Werthester Freund!
Verzeihen Sie, daß ich so lange, Anfangs über Zerstreuungen, nachher über Geschäften versäumt habe, Ihnen mein Andenken schriftlich zu erneuern. Die Nachrichten, welche mir meine Freundin aus einem freundschaftlichen Briefe von Ihnen an sie mitgetheilt hat, von Ihrem Aufenthalte auf dem Lande nach der verdrießlichen Messe, von Ihrem und Ihrer Familie Wohlseyn, haben mir große Freude gemacht. Sie wissen wohl, daß ich nie aufhören kann, lebhaften Antheil an Ihnen zu nehmen. Mir ist es, seit ich Leipzig verließ, ungemein wohl gegangen, ich habe eine Menge interessante Bekanntschaften gemacht, und hier allgemein die beste Aufnahme gefunden, und Jena wird für jetzt mein bleibender Aufenthalt. – Mancherley Umstände in meiner hiesigen Lage machten es rathsam, meine Verbindung mit Carolinen noch mehr zu beschleunigen.

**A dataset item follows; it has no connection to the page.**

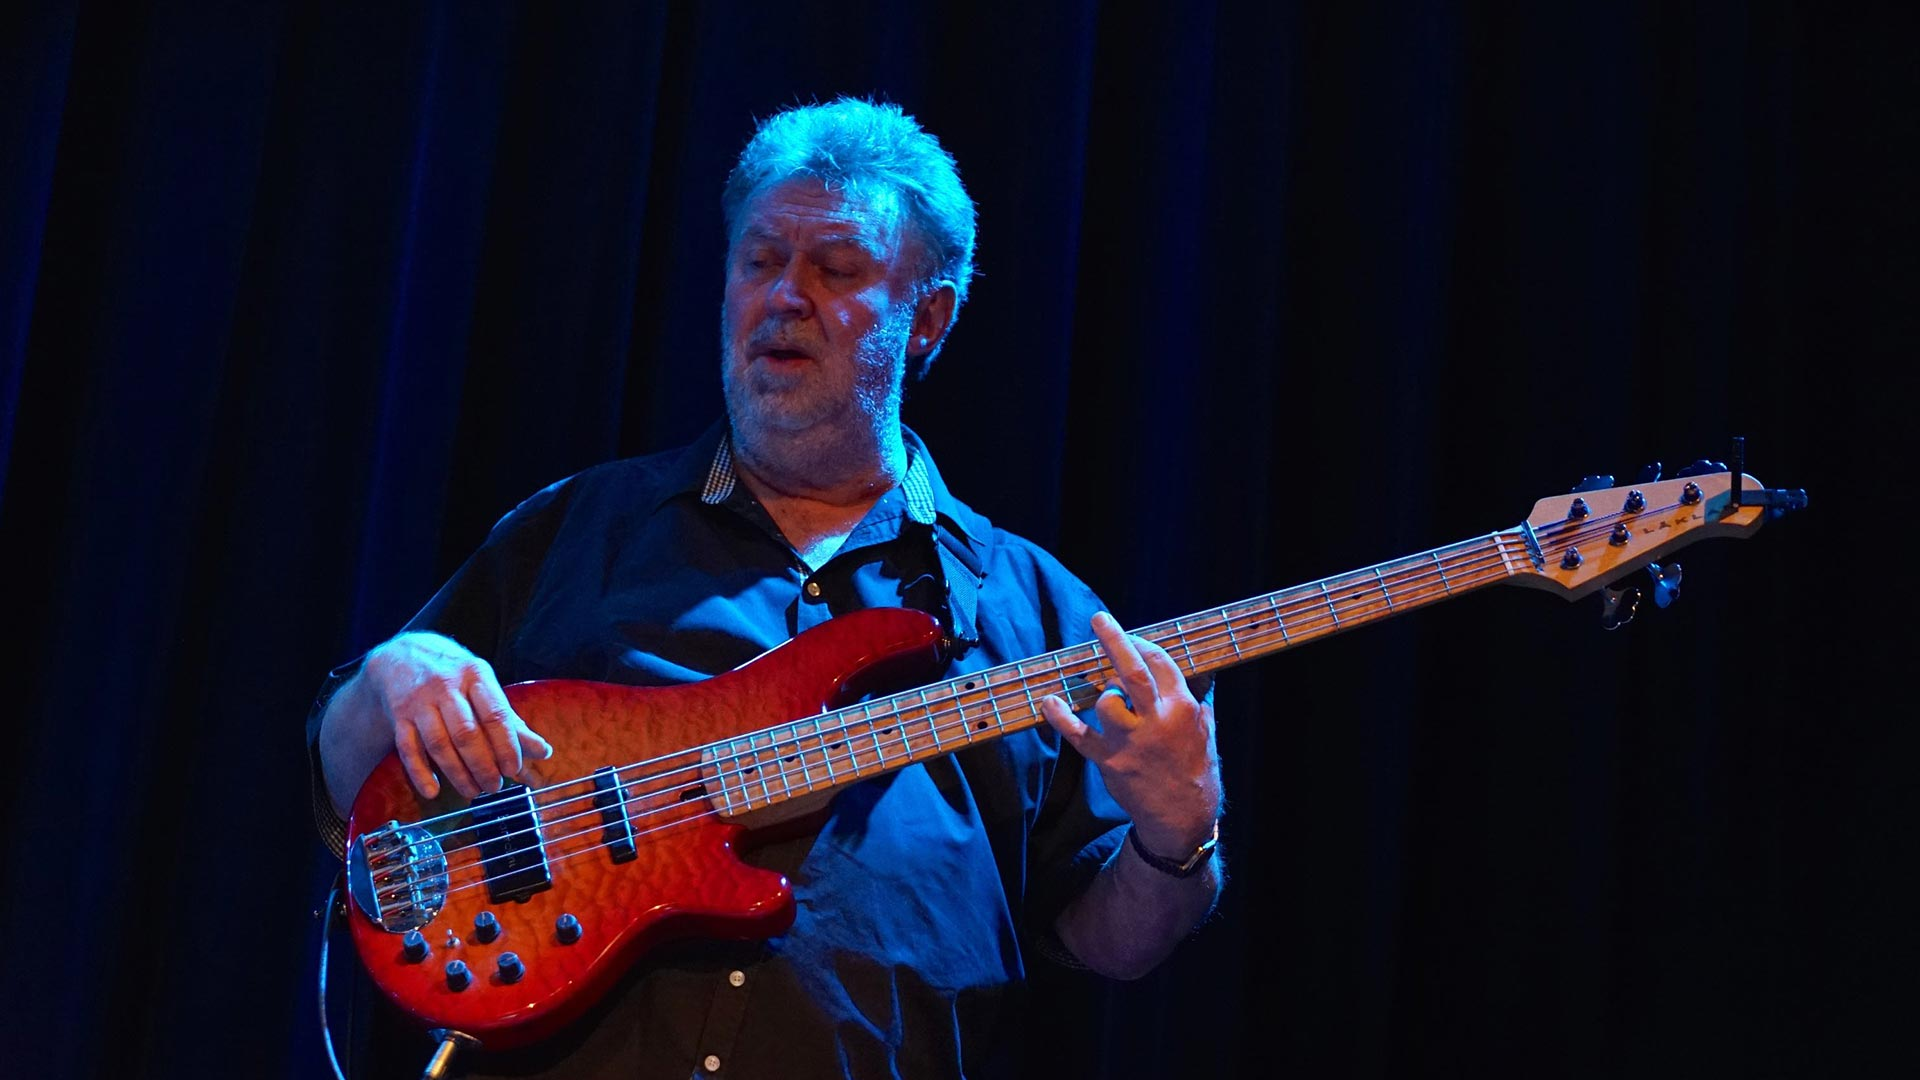 Neil Simpson plays Laklan 5-string bass guitar

In wenigen Tagen reise ich nach Braunschweig und bin in weniger als zwey Wochen, von jetzt an gerechnet, schon wieder mit ihr in Jena. Sie kennen vielleicht die hiesige Gegend – sie ist artig und wir werden auf einem Gartenhause wohnen, das eine sehr hübsche Aussicht hat.

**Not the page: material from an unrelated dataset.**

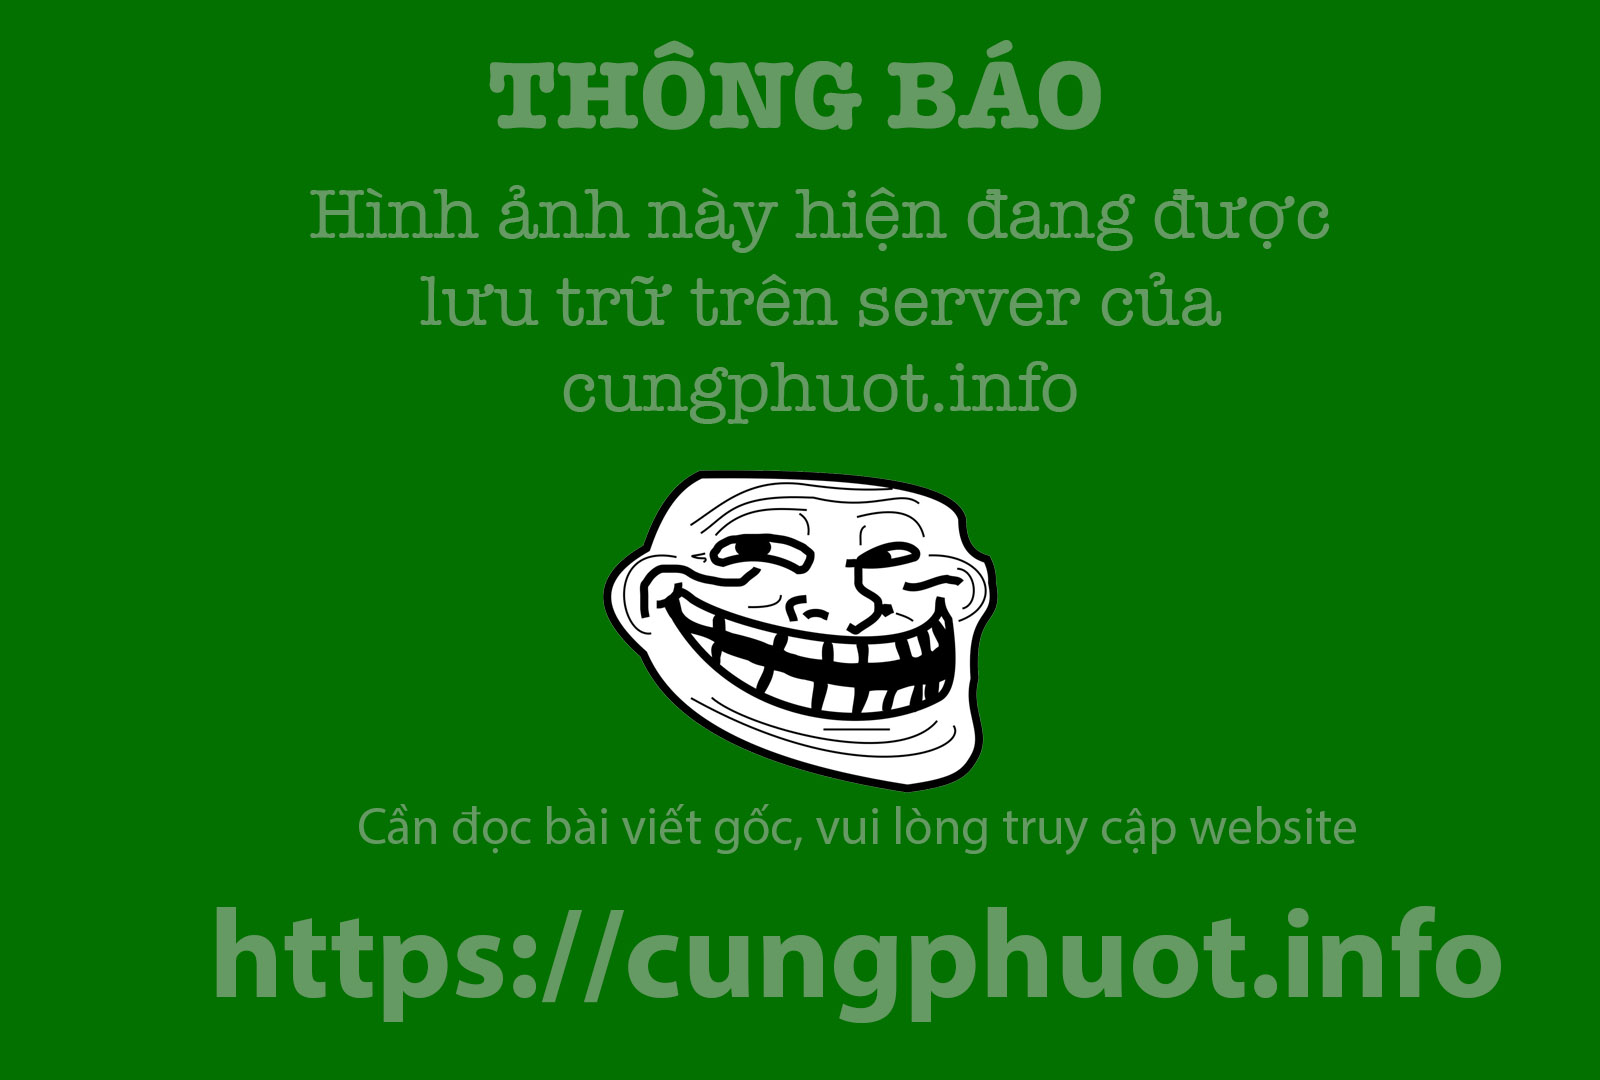 Chon bien cuong 'troi thap, dat cao' o Nam Can hinh anh 2

In Weimar war ich noch nicht: ich hatte einen großen Reiz weniger hinzugehn, da Wieland abwesend, und Göthe den größten Theil der Zeit hier gewesen ist. Ich werde aber noch vor der Reise nach Braunschweig hingehen, und mich alsdann mit HE. Böttiger über die Ausgabe des Propertius besprechen. Deswegen habe ich Ihnen auch seinen Prospectus zu der ganzen Unternehmung noch nicht wieder zurückgeschickt. Ich habe hier allerley erfahren, was mich befürchten macht, daß es mit dem Buchhändler Michaelis nicht allzu gut steht. Sollten Sie etwas ihn betreffend erfahren, so werden Sie mich recht sehr verbinden, wenn Sie es mir mittheilen wollen. Noch habe ich ihm kein Manuskript von Shakespeare geschickt, und ich muß gestehen, ich schöbe es gern so lange auf, bis ich über seine Lage beruhigt seyn könnte.

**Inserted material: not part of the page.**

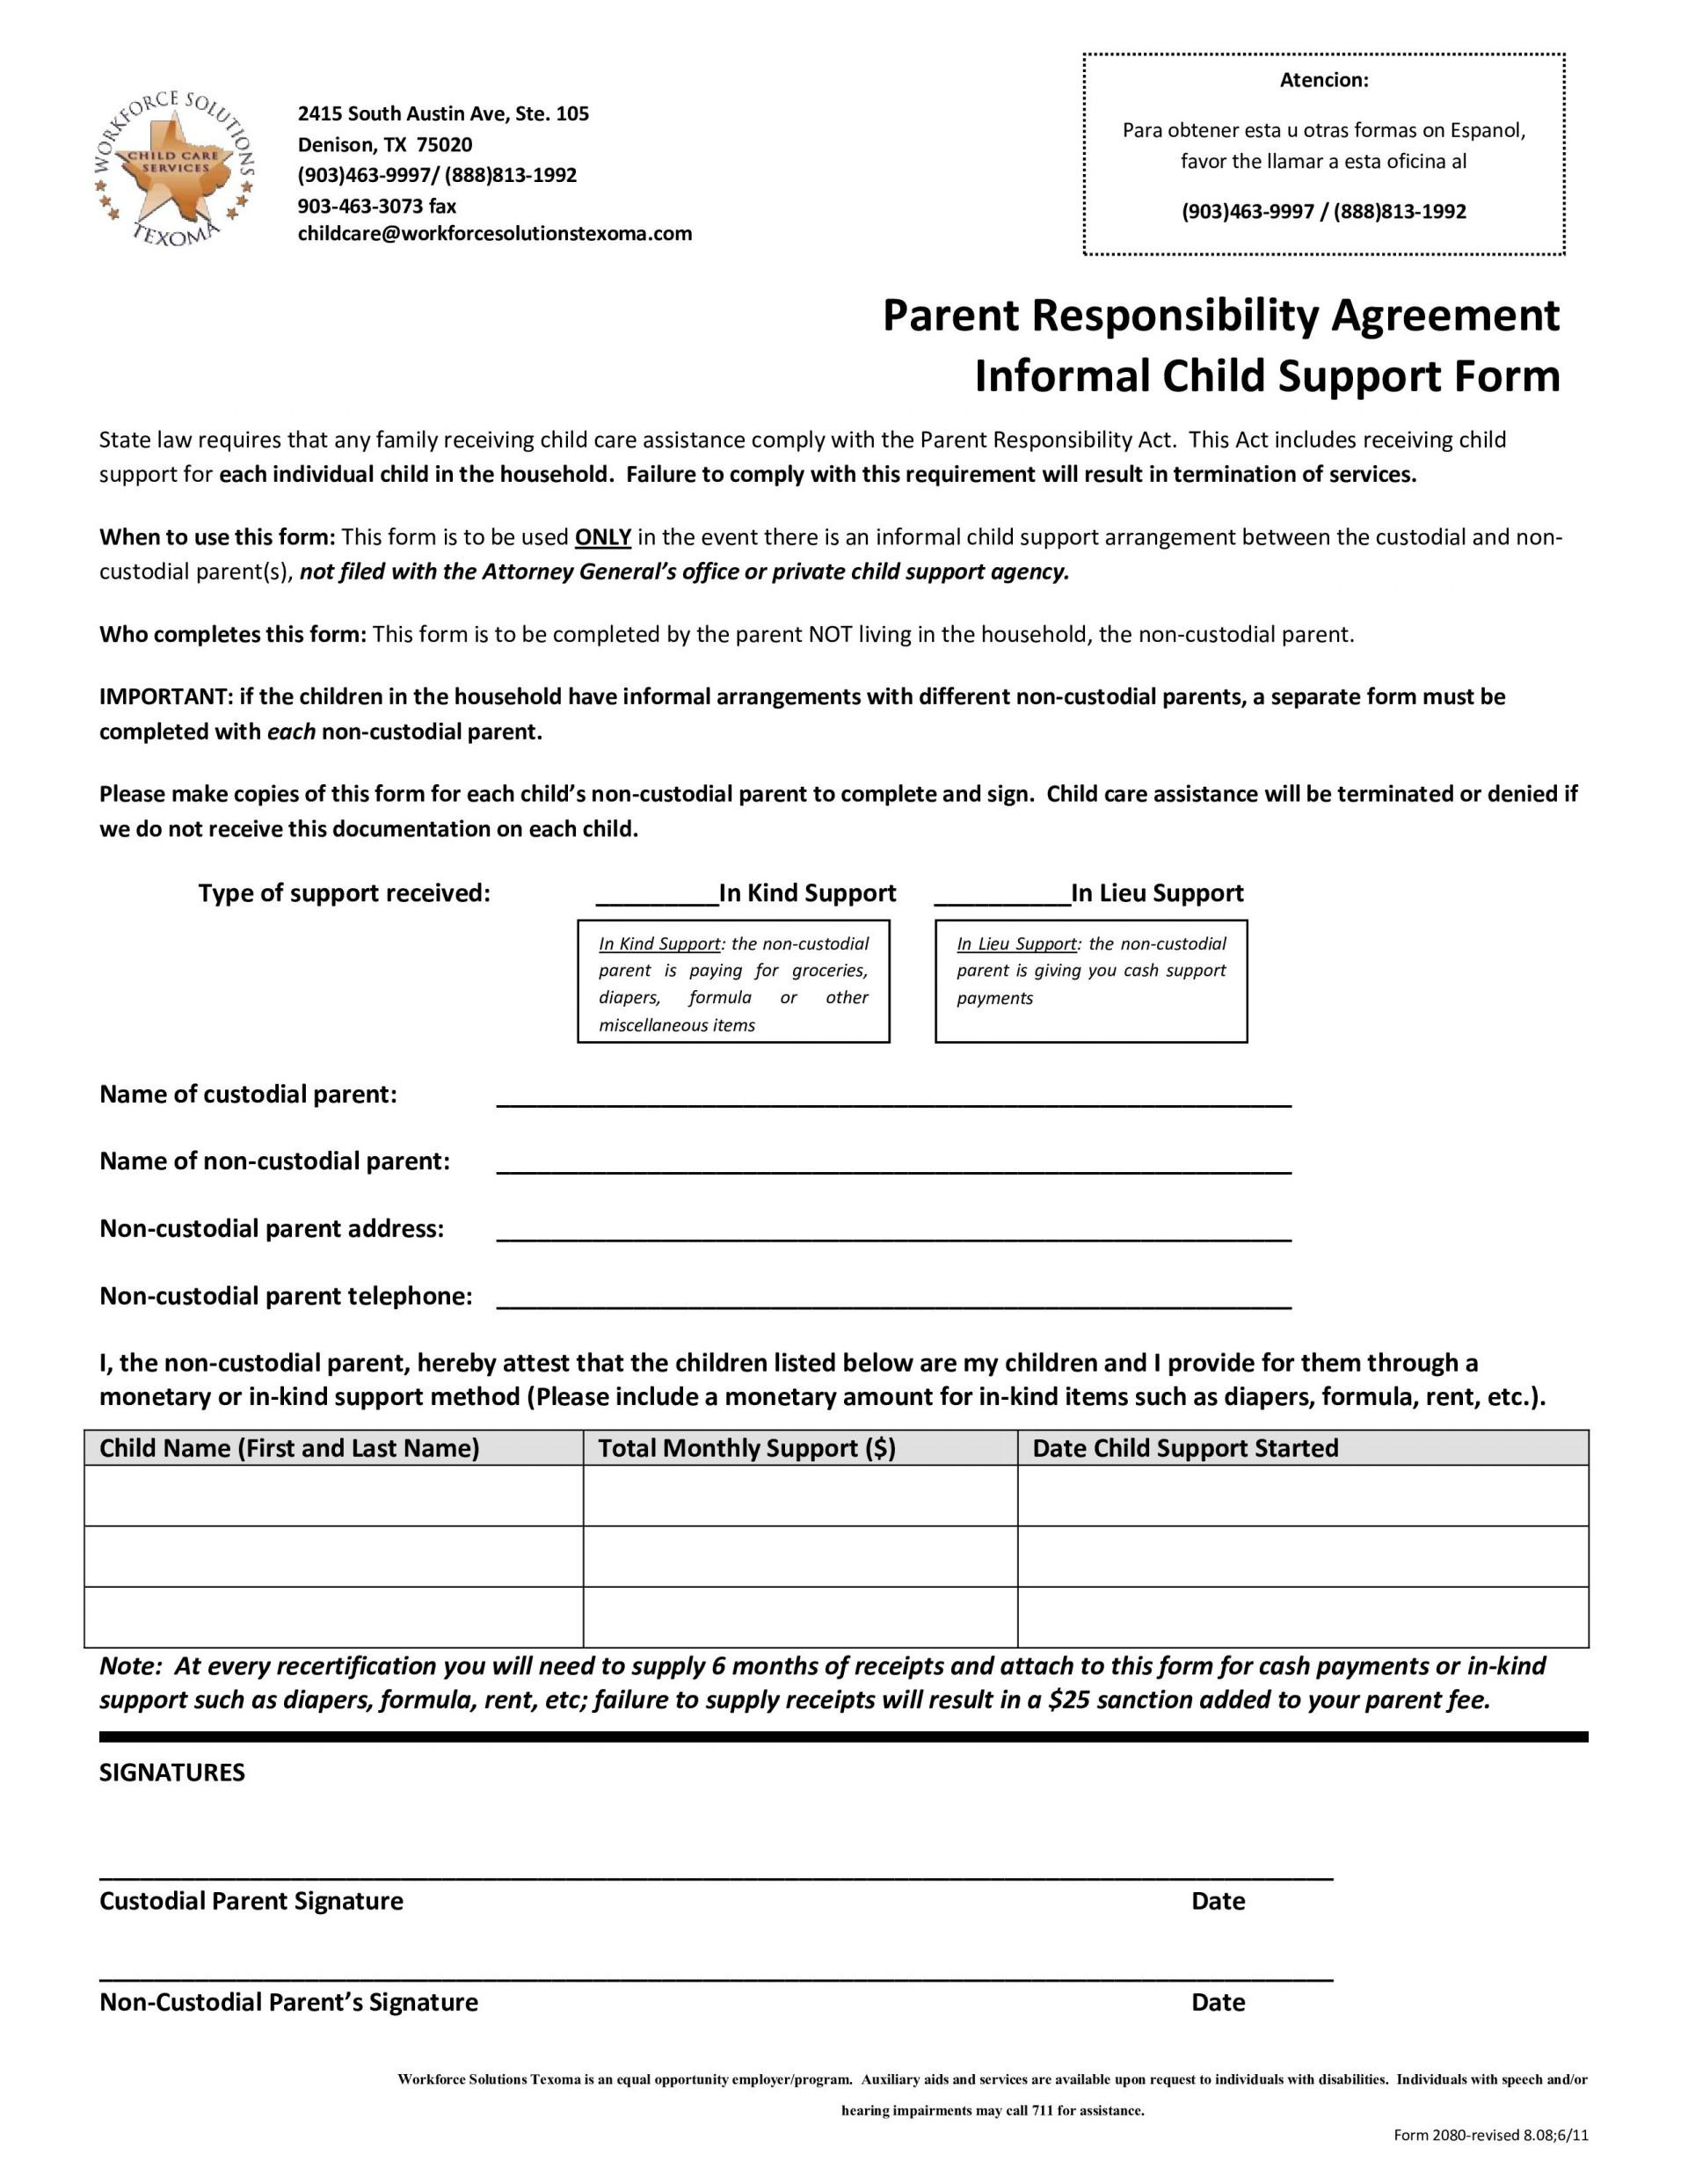 003 Striking Child Support Agreement Template Concept  Australia Bc Alberta1920

Meine Übersetzung des Romeo hat bei Göthen, dem ich sie ganz vorgelesen, großen Befall gefunden.
Bey dem Aufenthalte in Leipzig habe ich vergessen, meine Schuld wegen der Handausgabe von Wielands Werken abzutragen, und mir die seitdem erschienene Lieferung auszubitten. Es kann ja nun wohl auf Michaelis in Ordnung gebracht werden, wo sich vielleicht Meßgelegenheit findet. Noch eine Bitte. In den Jahren 60–67 sind in Leipzig (es ist mir entfallen bey welchem Buchhändler) und zugleich in Kopenhagen die Werke meines Oheims Johann Elias Schlegel, der besonders als dramatischer Dichter bekannt gewesen ist, in fünf Bänden groß Oktav, verlegt worden. Es läge mir sehr daran ein Exemplar davon zu haben. Wollten Sie darnach herum fragen? Wenn es irgendwo sich noch in Buchläden findet, so muß es in Leipzig seyn. Dyk wird wohl Bescheid davon wissen.
Leben Sie recht wohl und vergnügt mein werthester Freund, und empfehlen Sie mich aufs angelegentlichste Ihrer lieben Frau.
Ganz der Ihrige
A. W. Schlegel
Meine Addresse ist: an den Rath Schlegel in Jena.
Vielleicht wissen Sie schon aus der Litt. Zeitung, daß mir der Fürst von Schwarzburg Rudolstadt diesen Titel ertheilt hat.